Trump bir yalancı olabilir, tıpkı Floransalı filozofun yalanın zaman zaman
liderliğin zaruri bir parçası olduğuna inandığı gibi. Trump bir kabadayı
olabilir, tıpkı Machiavelli’in öve öve bitiremediği bazı İtalyan hükümdarlar
gibi. (...)
Trump’ın
Machiavelli’in 16. yüzyılın asabi, sürekli savaşan devletlerinde zaruri
addettiği özellikleri gösterdiğini söylemek onu modern bir lider saymamak
demektir.

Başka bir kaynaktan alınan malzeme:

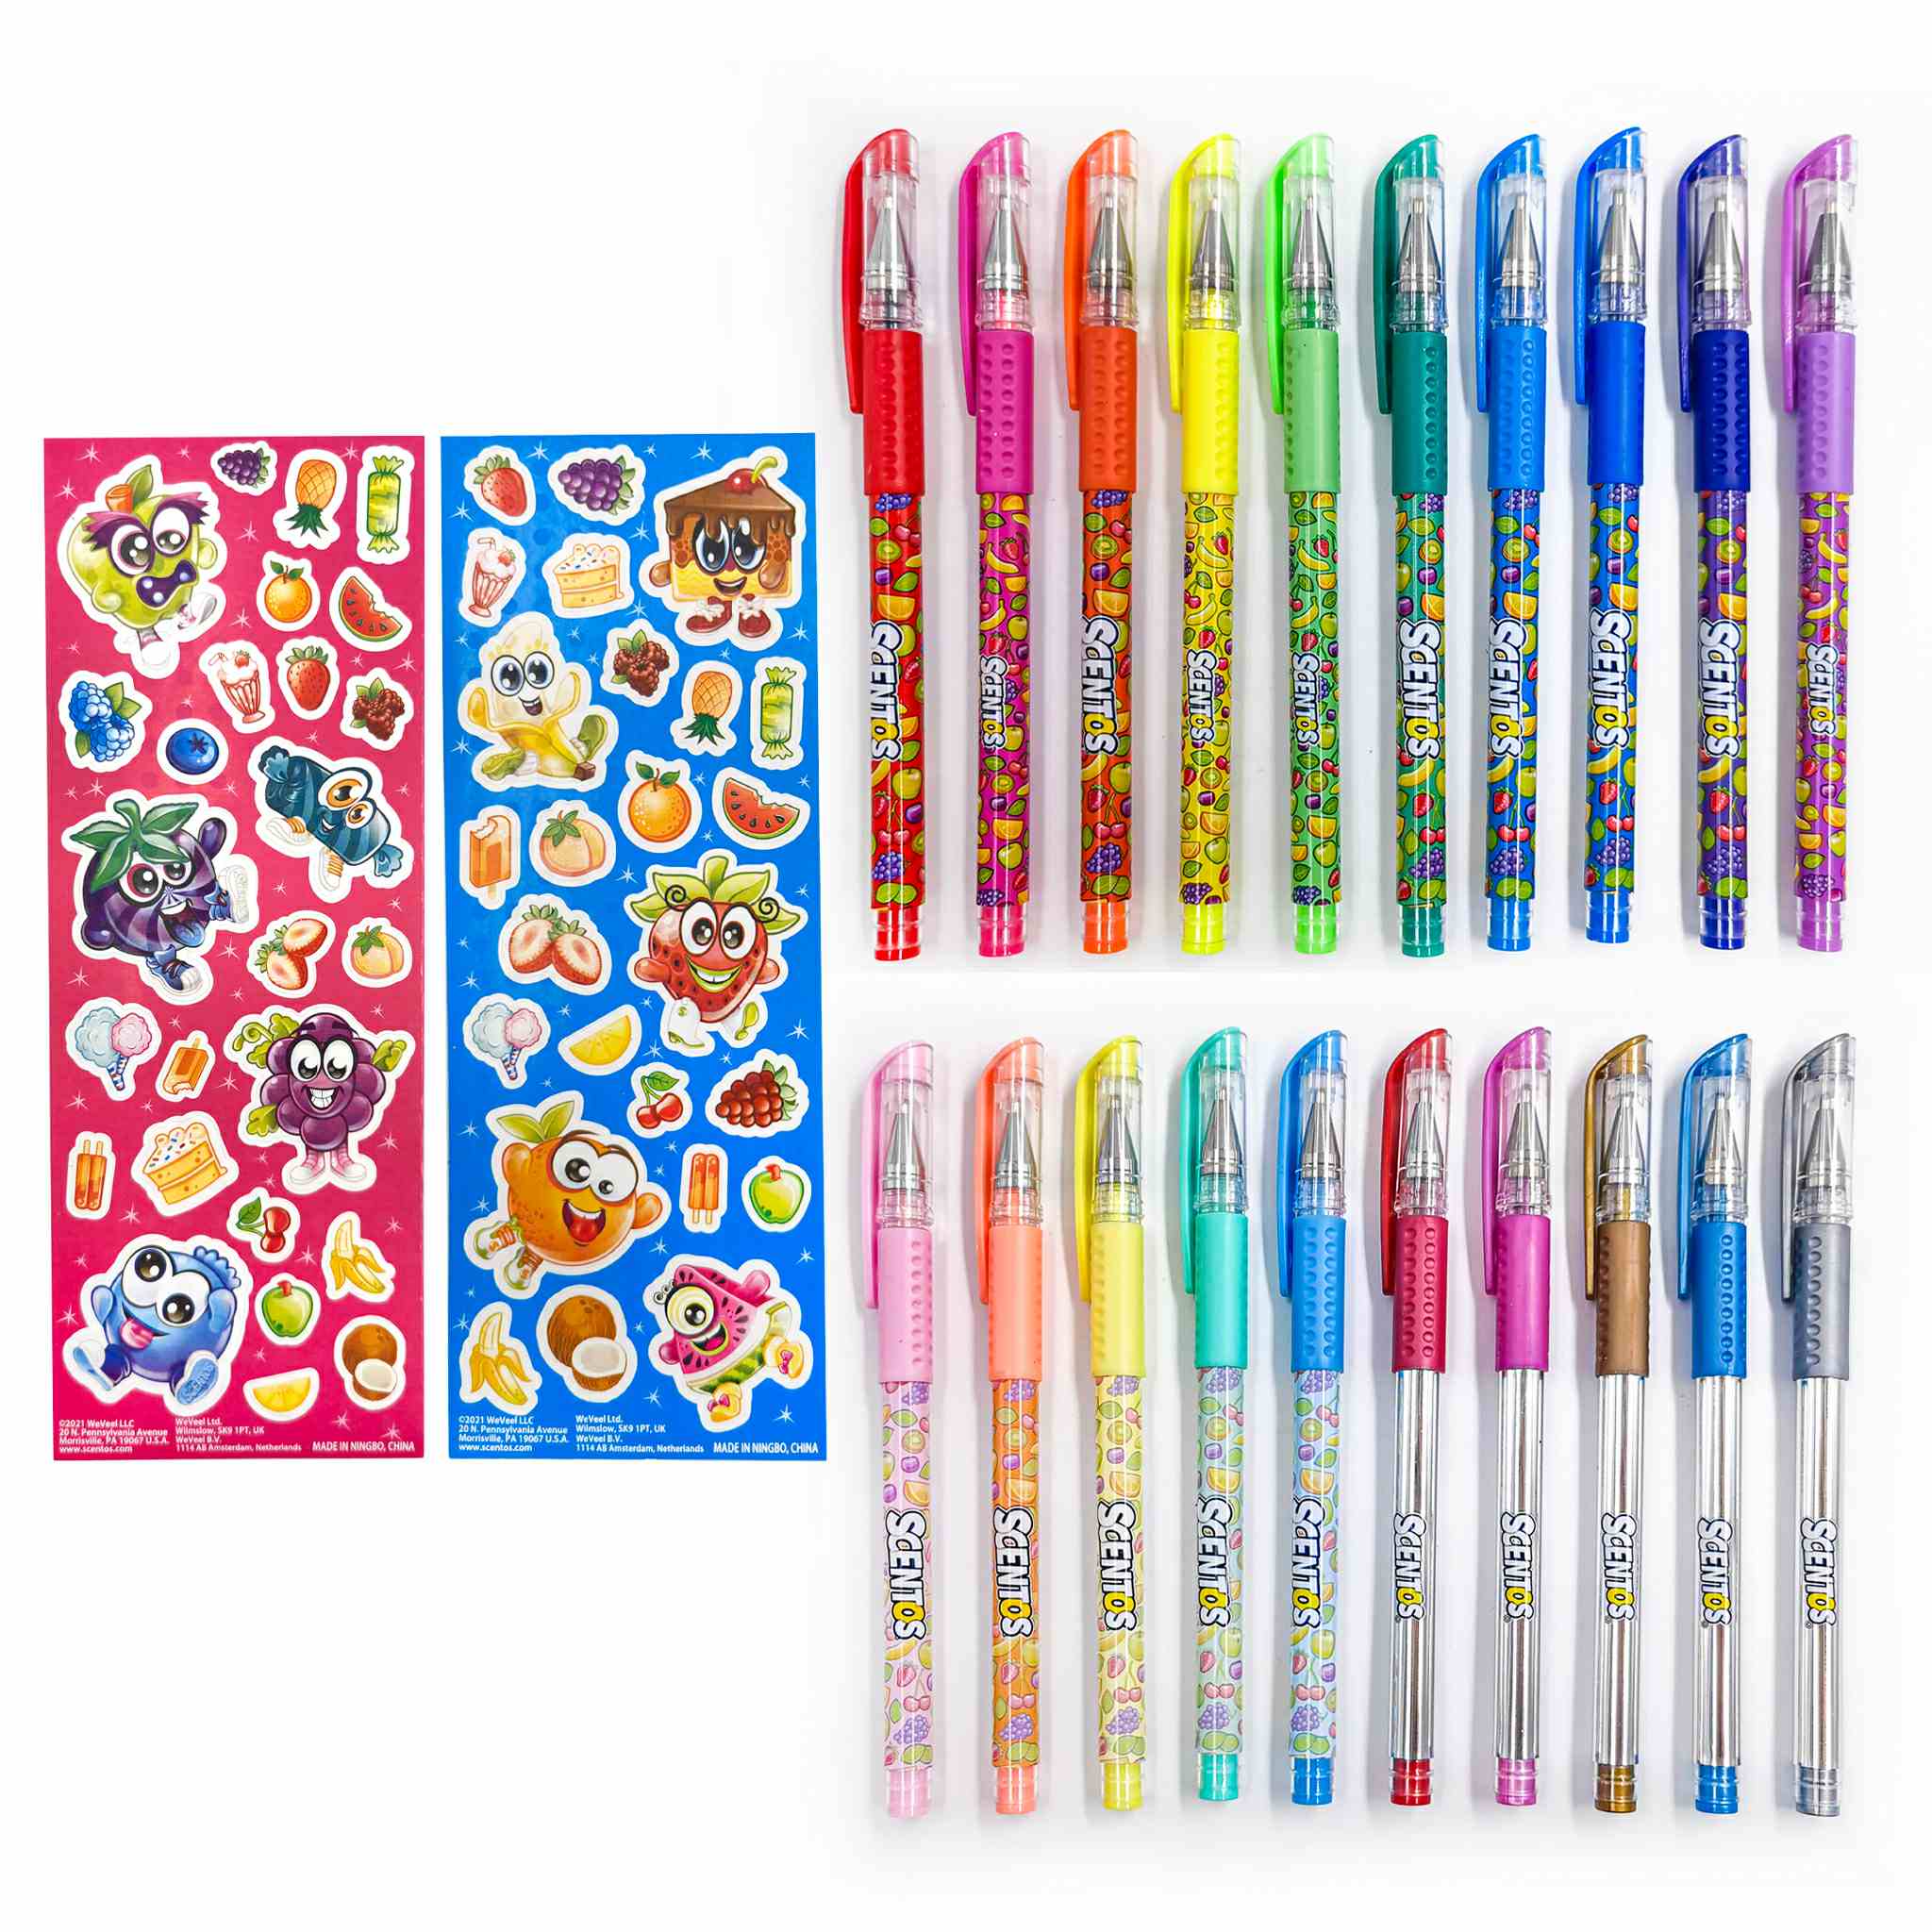 Colorful Candy Scented Gel Pens for Creative Journaling - 24-Pack

Hiç kimse 21. yüzyıl demokrasisini neo-feodal bir diktatörün
yönetmesini istemez diye düşünebilirsiniz. Ancak salı günü Amerikan halkı,
muhtemelen Machiavelli’in bir “erdem” addettiği “güç” kavramını paylaştığı için
Trump’ı başkan seçti.
Machiavelli’e olan
ilgim sıradışı bir şekilde gelişti: Machiavelli hakkında bir opera metni
yazdım; Mohammed Fairouz’un da bestesini yaptığı bu operanın önümüzdeki mart
ayında Amsterdam’daki Flemenk Milli Operası’nda galası yapılacak.
Bu süreçte
keşfettiğim şey şu: Machiavelli döneminin “siyasi doğruculuğu”yla [Z.T.K. yani
belli kesimleri rencide etmemeye özen gösteren üslupla] dalga geçiyor.
Prenslere yazılan nasihatnamelerin çoğunu saçmalık olarak görüyor. Ona göre
liderlik, ahlakla değil, kesin sonuca ulaştırıcı şekilde yetki/güç kullanımıyla
alakalıdır. Prensin görevi güçlü bir devlet kurmaktır ve bu, ille de “iyi” bir
devlet olmak zorunda değildir.
Prens kitabında
diyor ki (…)
(…)
Trump’ın halkın
onayını alma arzusu Machiavelli’i tedirgin edebilirdi. Liderler kaçınılmaz
olarak hem sevilmeyi hem de kendilerinden korku duyulmasını isterler; ama
Machiavelli’in o meşhur uyarısıyla, eğer bu ikisi arasında bir tercih gidilmek
zorunda kalınırsa “korku duyulması çok daha güvenlidir.”
(…)
Makyavelci
şahsiyetlerin –yani insan doğası hakkında sinik görüşe sahip merhametsiz
liderlerin- giderek baskın hale geldiği bir dünyada yaşıyoruz. Bugünlerde dünya
sahnesinin başını, Rusya Devlet Başkanı Vladimir Putin, Çin Devlet Başkanı Xi
Jinping ve Türkiye Cumhurbaşkanı Recep Tayyip Erdoğan gibi ödün vermeyen despot
kabadayılar çekiyor.
Trump kürsüde
onların yanında yerini almak üzere şeytana uymuş olabilir. Ancak 20 Ocak’ta
başkanlık makamına oturmak için yemin ettiğinde Anayasası ve Haklar
Bildirgesi’yle hala dünyanın ümidi olan bir demokrasiyi temsil edecek.